Je m’attendais à une excellente maniabilité de la part de la SPR, et je n’ai pas été déçu. Elle est due à la suspension, qui sur la F4 est un peu molle pour les standards de super sport (et pour mon poids de 86 kg). Sur la SPR elle s’adapte à la perfection aux routes accidentées de Suisse. Les fourches de Marzocchi réagissent avec docilité, ce qui est appréciable étant donné l’augmentation de poids que la F4 transmet aux poignets du conducteur à faible vitesse. Les virages sans visibilité étaient nombreux, et je n’ai pu conduire assez rapidement pour mettre à l’épreuve l’amortisseur arrière en conduite sportive. Cependant le contrôle qu’il a offert sur les imperfections de l’asphalte m’ont permis de deviner un comportement impeccable à grande vitesse. C’est ce que j’ai pu vérifié sur l’asphalte désastreux du virage en seconde, où nous avons réalisé quelques unes de ces photos.

J’ai beaucoup apprécié l’adhérence des Pirelli Dragon Evo Corsa, qui ont maintenu la stabilité de la MV malgré les trois sortes d’asphalte différents que nous avons rencontrées sur le parcours. La SPR devait faire un petit effort pour bien entrer dans les séries de virages très fermés et étroits, qui m’ont obligé à utiliser l’embrayage et à ouvrir la trajectoire pour occuper toute la voie. Le reste du temps, la MV s’est montrée extrêmement maniable et précise, elle change de direction avec la facilité qu’on attend d’une moto plutôt légère (son poids est de 188 kg à vide). La stabilité de la SPR à grande vitesse a été impeccable, peut être grâce à l’amortisseur de direction transversal Öhlins. Les étriers Nissin à six pistons ont apporté à la moto une grande capacité de freinage très contrôlable. MV a expliqué que la SPR a été conçue pour des conducteurs sur circuit.

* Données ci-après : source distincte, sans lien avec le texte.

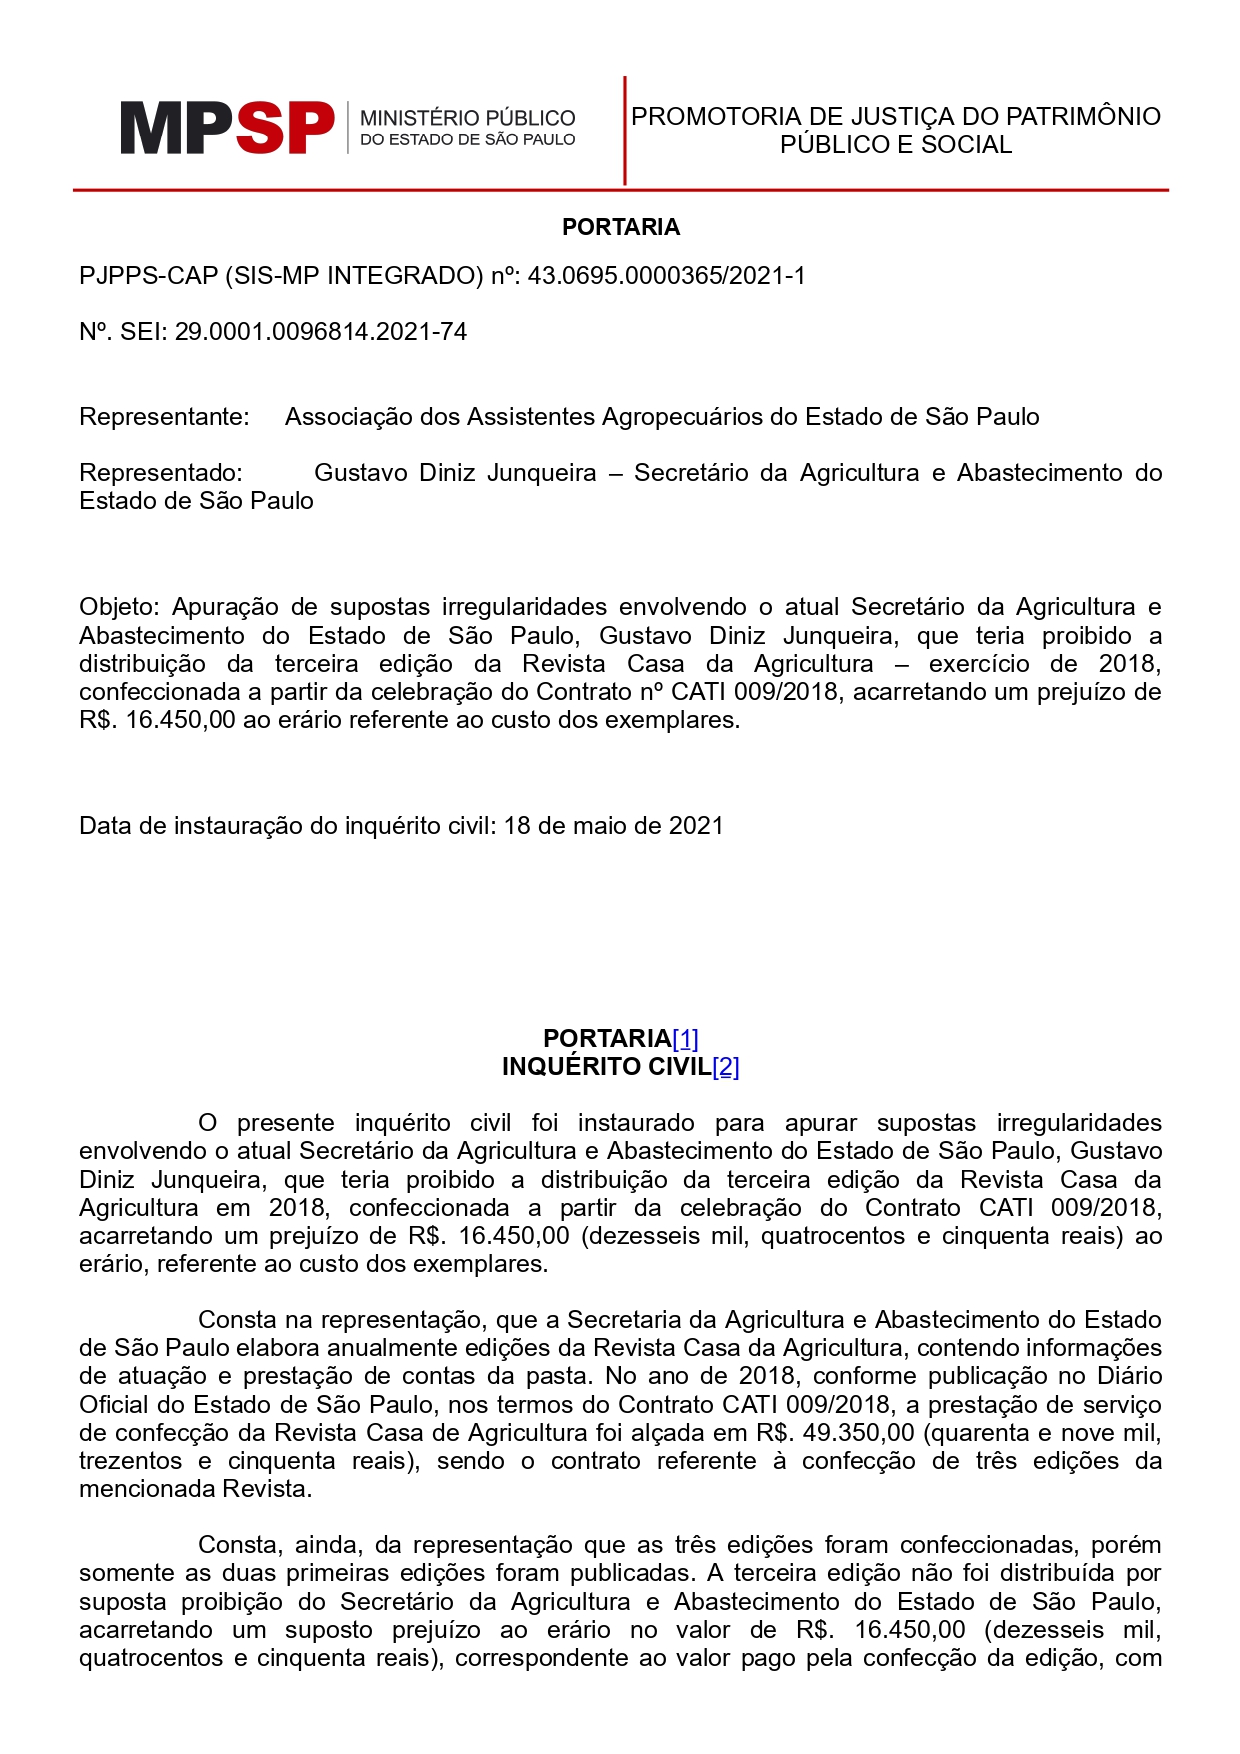 Associação dos Assistentes Agropecuários do Estado de São Paulo

Sa puissance, l’ajustement des rapports de sa boite de changement et la suspension de grande qualité sont remarquables lorsque l’on met en marche le chronomètre du tableau de bord (un autre ajout). Tous ces éléments contribuent à augmenter le prix de la moto d’environ 20% par rapport à la F4 standard. Mais, comme me l’a démontrée ma journée dans les collines et les vallées suisses, la plus puissante des MV de production est aussi une surprenante moto urbaine : distinguée, stable et vraiment rapide.